Housing finance reform may be making its long-awaited comeback on Capitol Hill. In recent weeks, the Senate Banking Committee has held a series of hearings on the subject, three years after the committee‘s initial attempt at crafting legislation. The Trump Administration insists reform legislation is one of its top priorities.

The fact that Fannie Mae and Freddie Mac will each have zero capital come Jan. 1, 2018, should also help focus the minds of those on Capitol Hill. 

With momentum for reform slowly building, lawmakers should consider three critical points:

First, the demographic make-up of America is rapidly changing, with important implications for the type of housing finance system our nation will require. While much of the focus of reform is directed at “single-family” homeownership, the demand for rental homes will be the dominant force in the housing market for the foreseeable future. According to Urban Institute projections, 62% of new housing demand will be rental during the decade of 2010 to 2019, while 56% will be rental during the 2020s. That’s a sharp reversal from past decades when demand for ownership housing far exceeded that of rental housing.

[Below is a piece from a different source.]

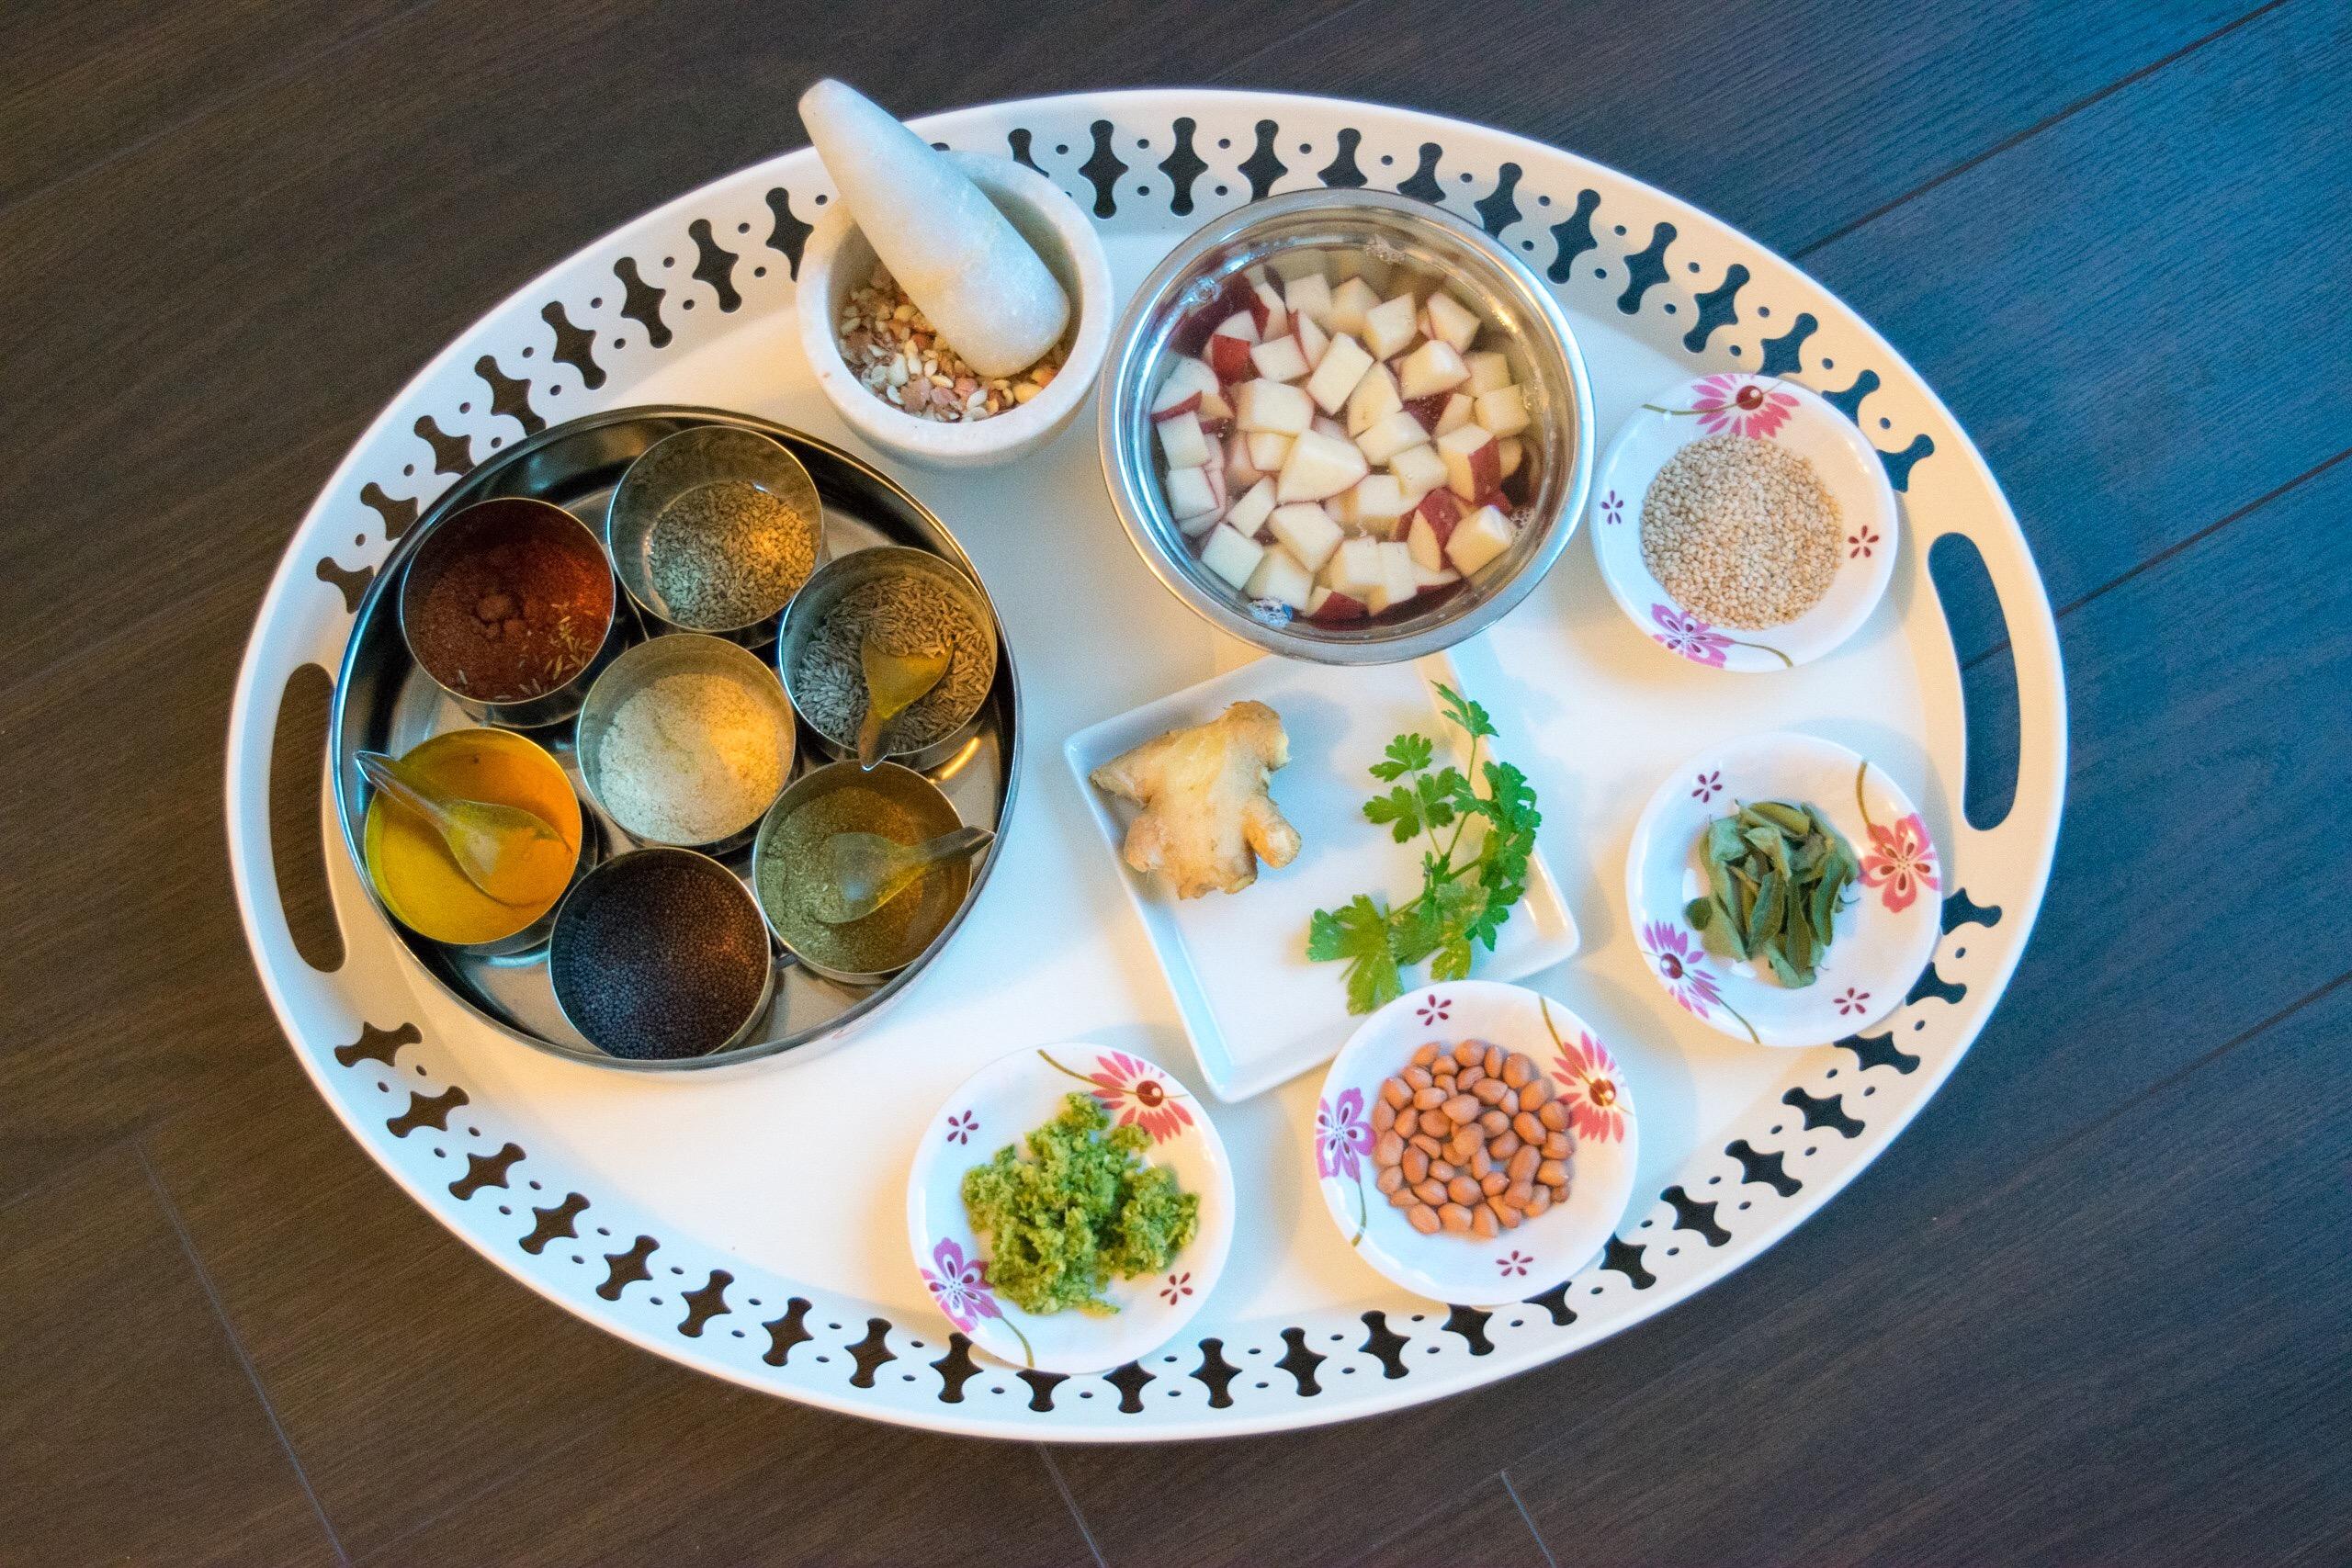 Ingredients Platter

Demographic forces are driving this new “rental-centric” dynamic. The U.S. is becoming more racially and ethnically diverse. Millions of young Millennials who had doubled up with roommates or lived with parents are also now striking out on their own to form households, a trend that will strengthen over time. Unable to meet down payment and mortgage underwriting requirements, rental homes will be the only viable short-term housing option for many of these younger, more diverse households.

Compounding these two trends will be the aging of the 75 million Baby Boomers.  Not surprisingly, some older homeowners will seek to downsize by moving into smaller, more manageable rental units.

The bottom line is that demand for rental housing, already strong as demonstrated by historically low vacancy rates, will intensify even more in the coming years. In response, the nation’s housing finance system must provide sufficient liquidity and resources to the rental sector of the housing market.

Second, a continued government presence is necessary to finance multifamily rental properties, particularly during economic downturns. A government guarantee that protects against “catastrophic risk” helps ensure a vibrant secondary market for multifamily securities that provides critical capital for new rental construction. Without this guarantee, many investors would flee the market and liquidity would dry up. Fannie and Freddie, along with the Federal Housing Administration, have also performed a vital ”countercyclical” function, providing much-needed liquidity during periods of market disruption like we experienced in 2008.

Notably, the multifamily businesses of Fannie and Freddie remained profitable during the single-family subprime crisis, and the multifamily loans they backed experienced relatively low default rates. Over the years, loans supported by the two institutions have helped finance tens of thousands of apartments for working and lower-income families. As they create a new system for multifamily finance, lawmakers must heed the injunction, “Do no harm.”

With more and more Americans renting single-family homes and units in smaller properties, any new system must also find ways to serve this segment of the market more effectively. These properties can benefit from greater access to long-term, fixed-rate financing.   

Third, homeownership and renting are complementary elements of the same housing system. Making rental housing more affordable though “demand-side” subsidies and expanding affordable supply helps stabilize families who might otherwise struggle with paying the rent. For some of these families, this stability can provide the foundation for future homeownership.    

When the Senate Banking Committee last considered reform legislation in 2014, both Democrats and Republicans on the committee supported imposing a modest fee on government-guaranteed mortgage-backed securities to finance the production and preservation of affordable rental homes. The proceeds generated from this fee would flow into HUD’s Housing Trust Fund and the Treasury Department’s Capital Magnet Fund as well as a new Market Access Fund. Expanding this fee to generate sufficient funds commensurate with the scope of the rental affordability challenge should be part of any future reform effort.  

First established in 1992, the “affordable housing goals” requiring Fannie and Freddie to finance a certain percentage of mortgages to low- and moderate-income borrowers and underserved markets have been an important tool to expand access and affordability. But if reform legislation repeals the goals, as was the case in 2014, then new approaches will be necessary if the legislation is to advance in Congress. Thoughtful proposals like the one recently advanced by the Mortgage Bankers Association that suggest replacing the goals with a mix of “quantitative” outcomes and “qualitative” initiatives merit consideration.

It’s been nearly nine years since the federal government first placed Fannie and Freddie under conservatorship. Housing finance reform is long overdue. If Congress can get it right, it will be well worth the wait.